▶ _INPUT FOR THIS TASK_
--

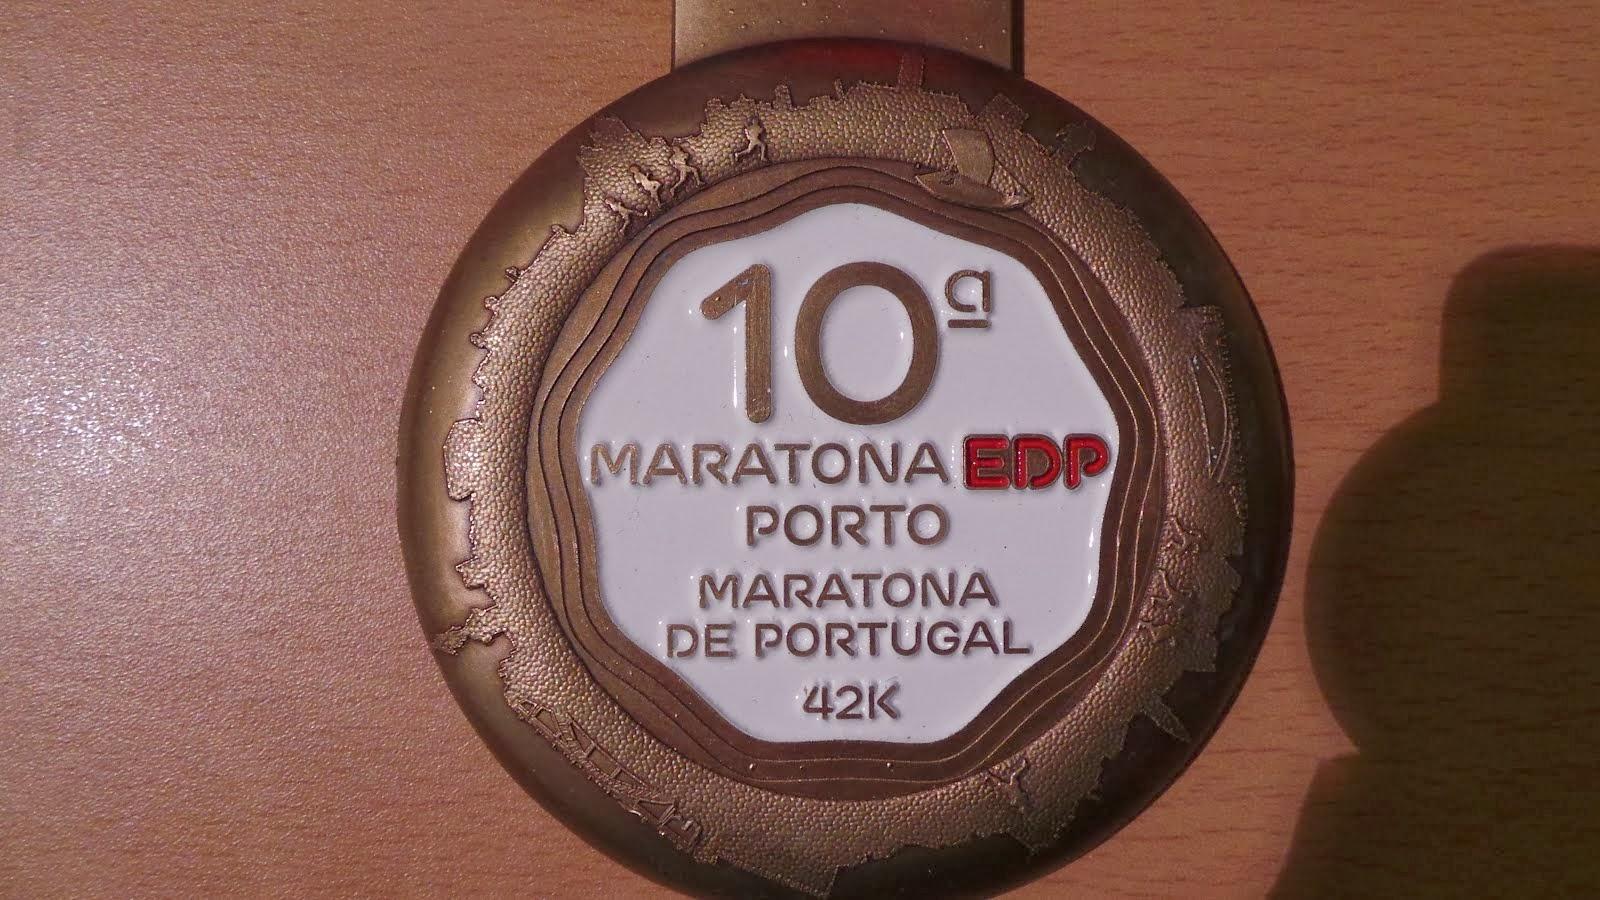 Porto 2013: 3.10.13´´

--

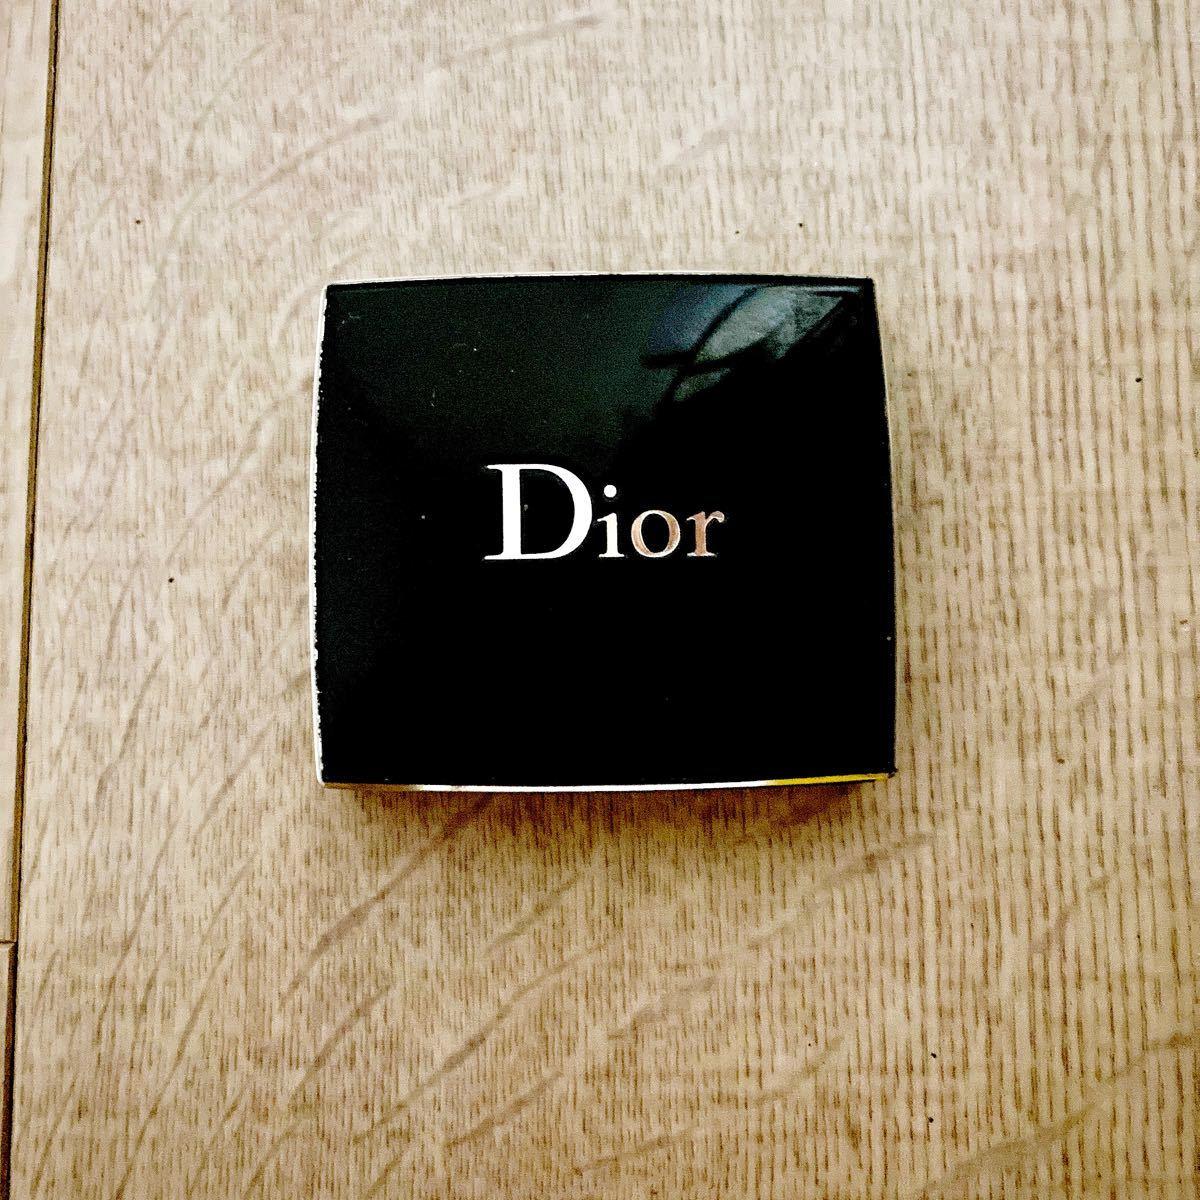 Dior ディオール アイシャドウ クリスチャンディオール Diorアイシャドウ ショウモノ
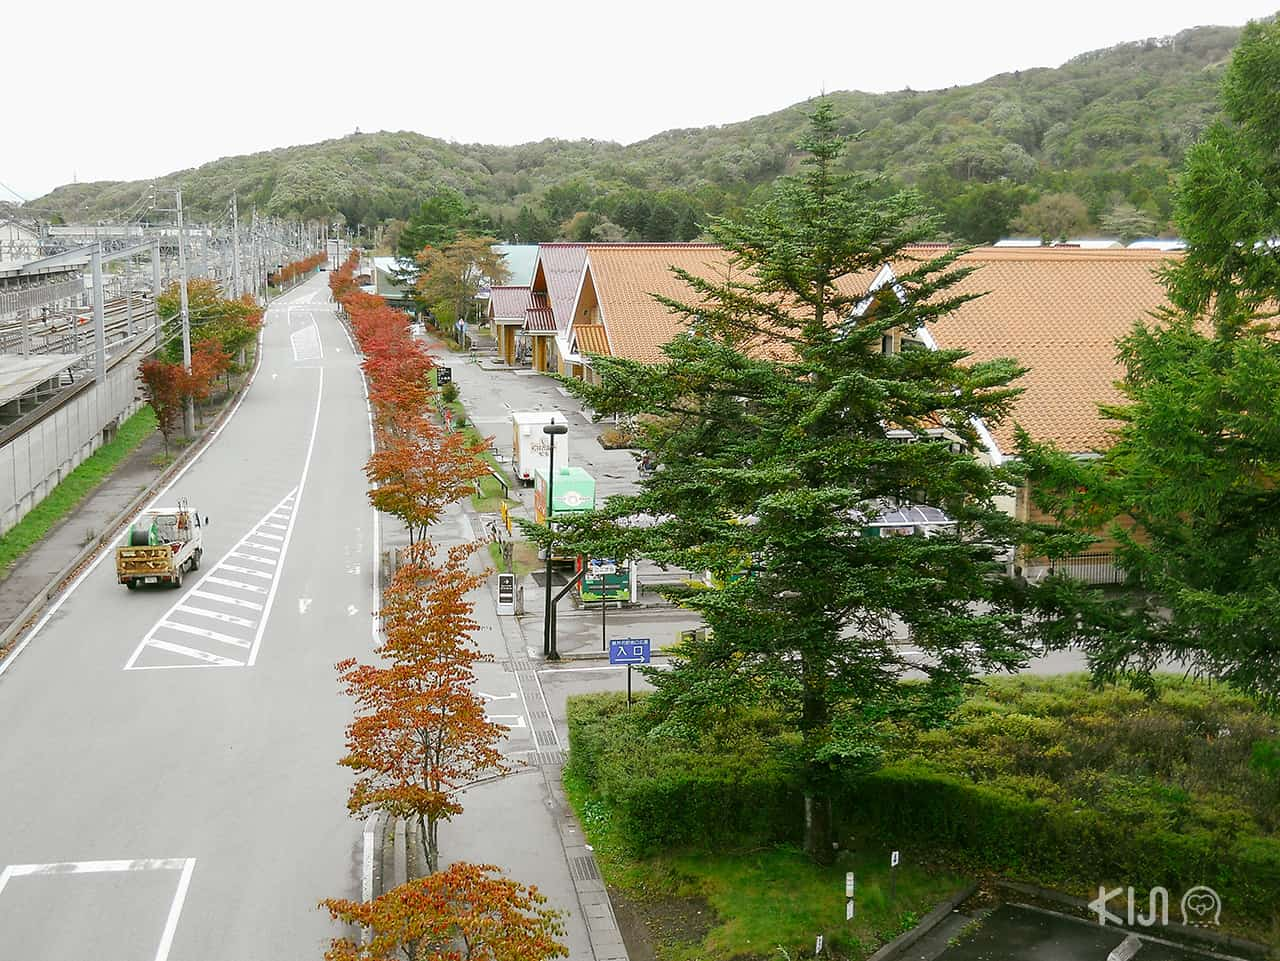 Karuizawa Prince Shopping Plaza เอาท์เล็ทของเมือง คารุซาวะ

--

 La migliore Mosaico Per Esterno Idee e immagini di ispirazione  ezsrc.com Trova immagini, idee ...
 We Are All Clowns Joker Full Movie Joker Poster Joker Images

--

Give the lines above again exactly, from the one containing "Dior ディオール アイシャドウ" to the one containing "Karuizawa Prince Shopping", both included, but leave out the pictures.

▶ _YOUR RESPONSE_
 Dior ディオール アイシャドウ クリスチャンディオール Diorアイシャドウ ショウモノ
 Karuizawa Prince Shopping Plaza เอาท์เล็ทของเมือง คารุซาวะ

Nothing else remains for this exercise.